After hearing the desperate plight of the approximately 400 residents, Ambassador Escudero made US$100,000 available for the building to be renovated through the existing United States Agency for International Development (USAID) grant for Azerbaijan. ADRA in partnership with World Vision combined resources to facilitate the completion of this much-needed project. In addition to water and electricity supplies being connected to each home, local contractors were hired to replace the roof and gutter systems, to replace doors, walls, windows and floors where necessary, and to paint the entire building inside and out. With the remaining funds, it was also possible to install garbage disposal points and shower blocks with hot water tanks, and to create a community room.
"A key component of this program was the involvement of the community in the reconstruction and rehabilitation of their own homes," says Cox.
During both of his visits to the center, Ambassador Escudero took extra time to visit ADRA's other programs in NAR to offer his continual support for ADRA's work. Currently, ADRA Azerbaijan is implementing a U.S.-funded feeding assistance program offering food security to 230,000 vulnerable people nationwide; an economic development program providing micro-loans to rural farmers and local business people; and a health assistance program that supports 50 clinics across NAR helping, on average, 12,000 patients per month while also immunizing 2,500 children.

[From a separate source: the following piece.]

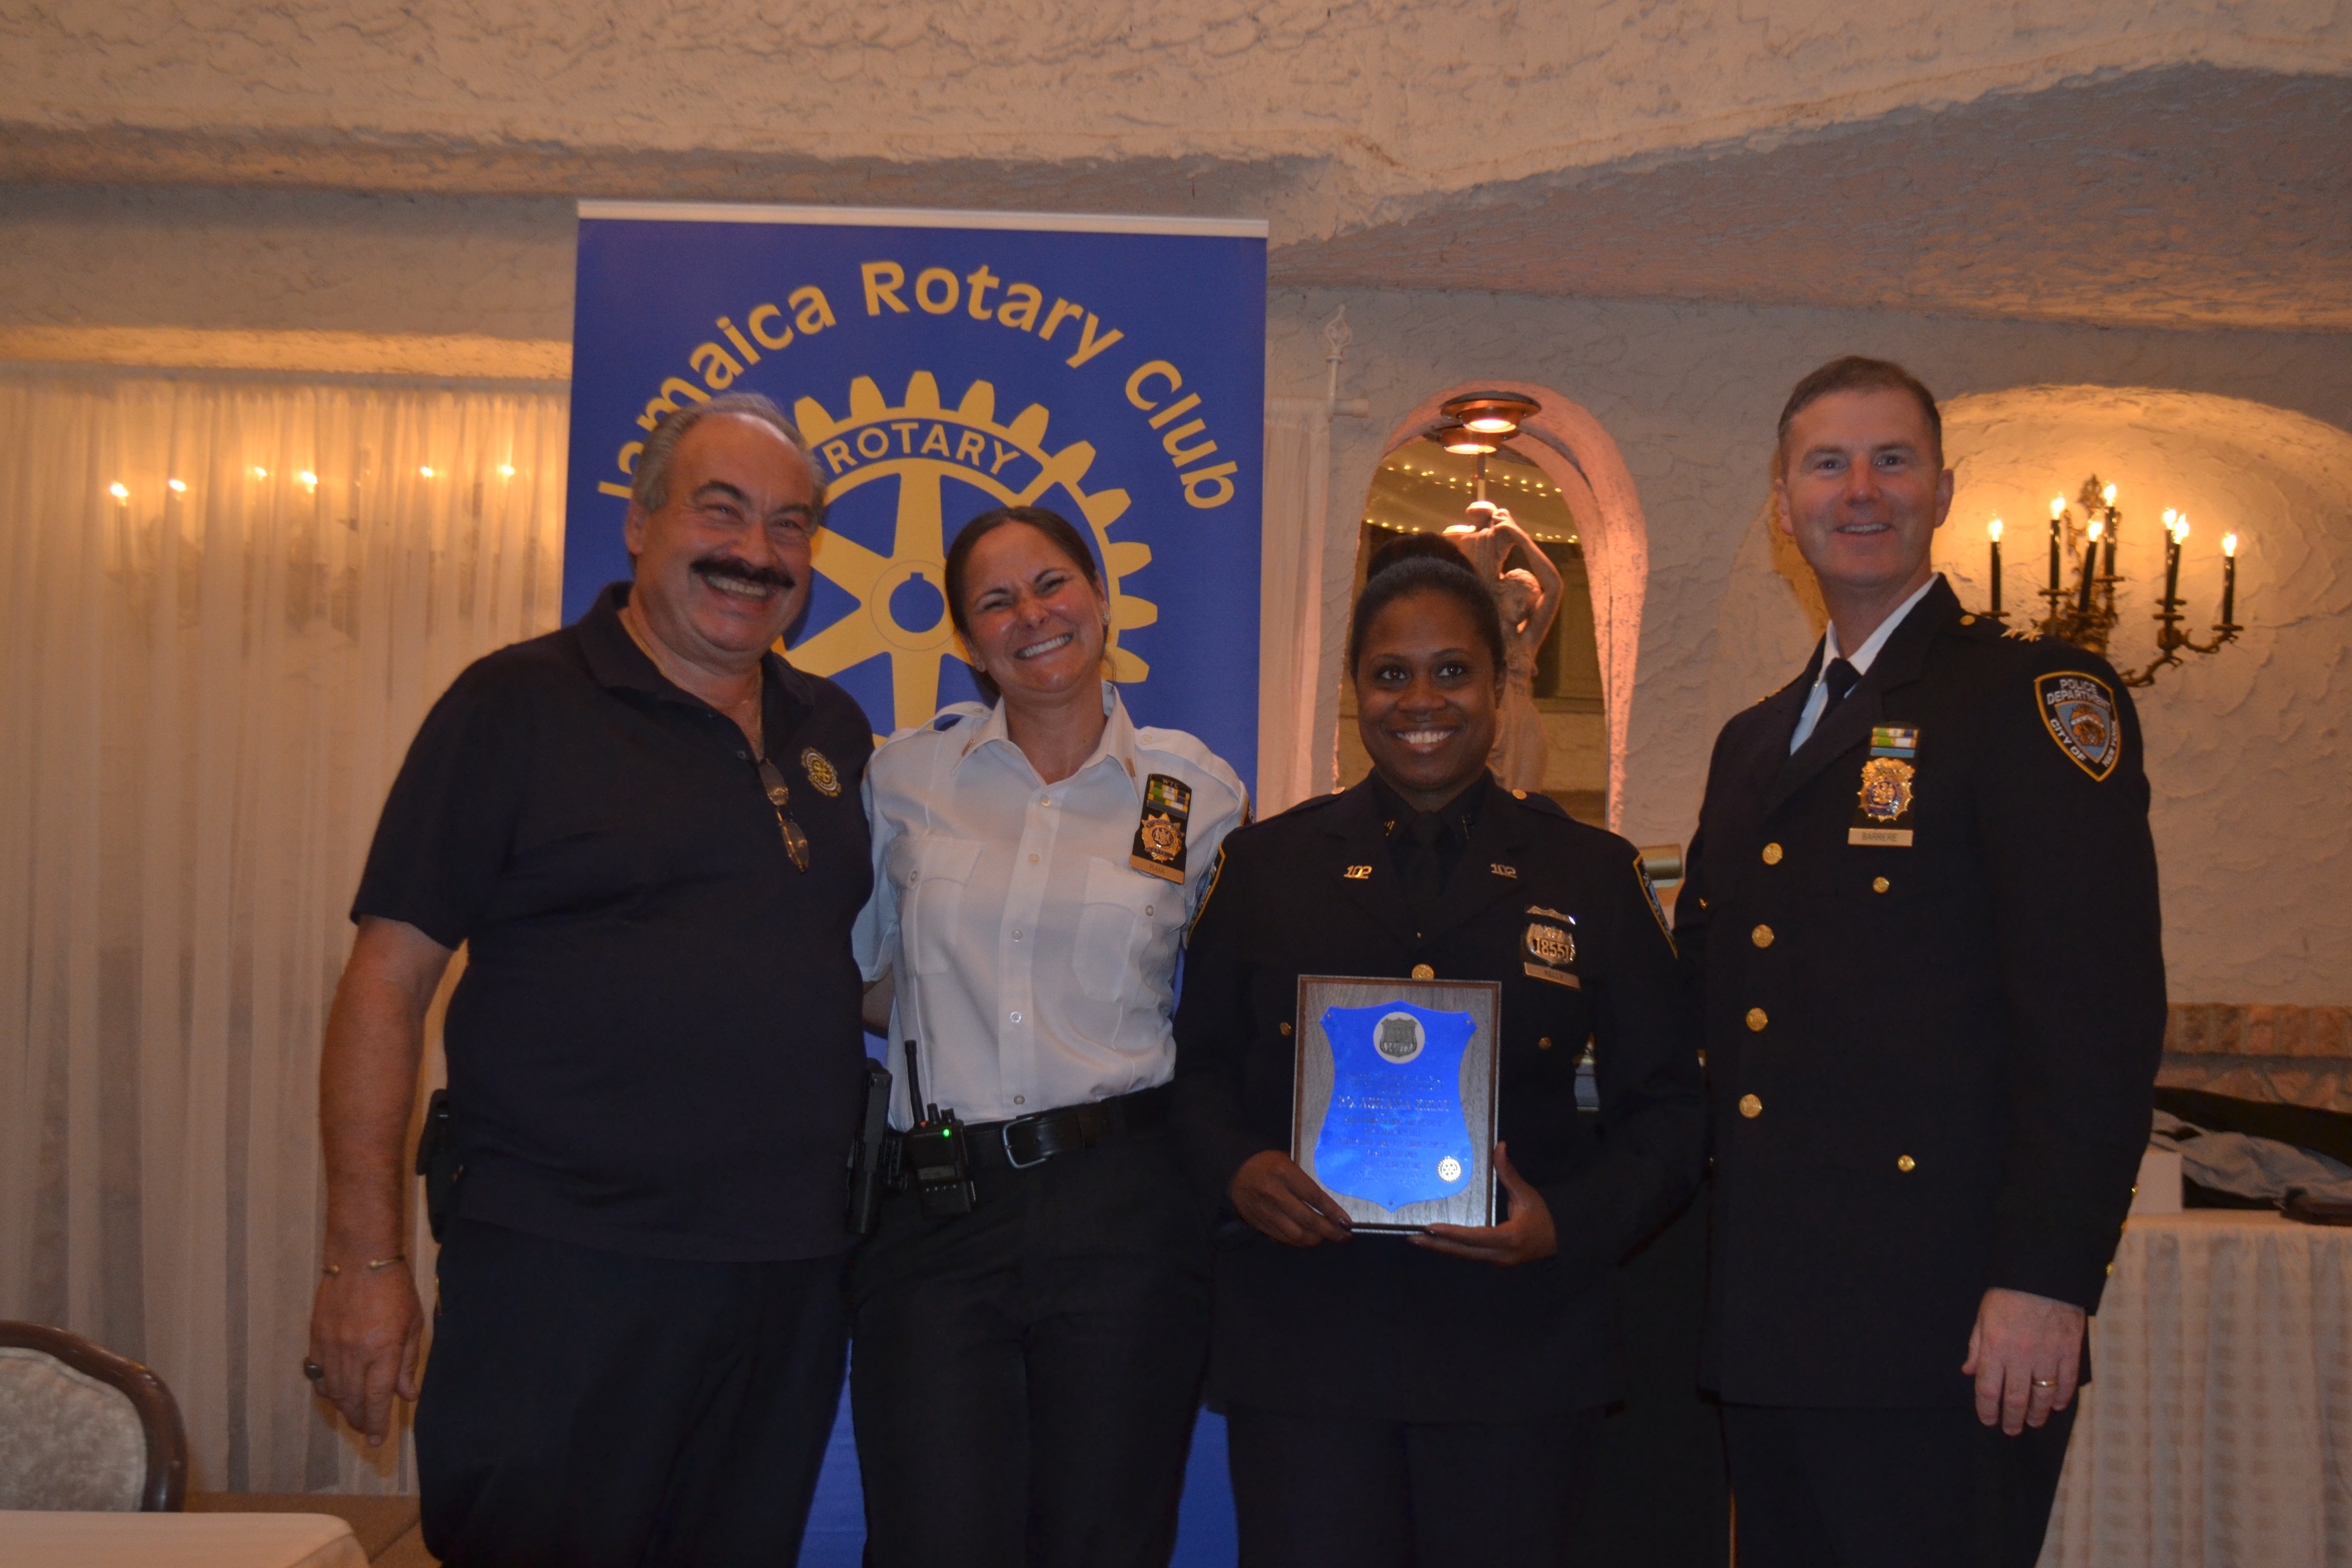 P.O. Ashana Kelly from the 102nd Precinct was honored for her role in catching a repeat robbery offender. (From left: Joe Iaboni, Executive Officer Danielle Reyes, P.O. Ashana Kelly and Commanding Officer of Queens South David Barrere)

Other recent developments by ADRA Azerbaijan include the monetization of 11,550 tons (10,500 metric tonnes) of U.S. wheat grains for approximately US$1.5 million. The proceeds will fund two, two-year development programs in health and agriculture along the Azerbaijan frontline territory. This program will potentially impact the lives of 250,000 people. ADRA also recently received provisional approval from the United States Department of Agriculture (USDA) for a two-year Transitional Development Feeding Assistance program to continue the much-needed assistance to 230,000 IDPs, refugees and vulnerables. Both programs are scheduled to commence on August 1 this year.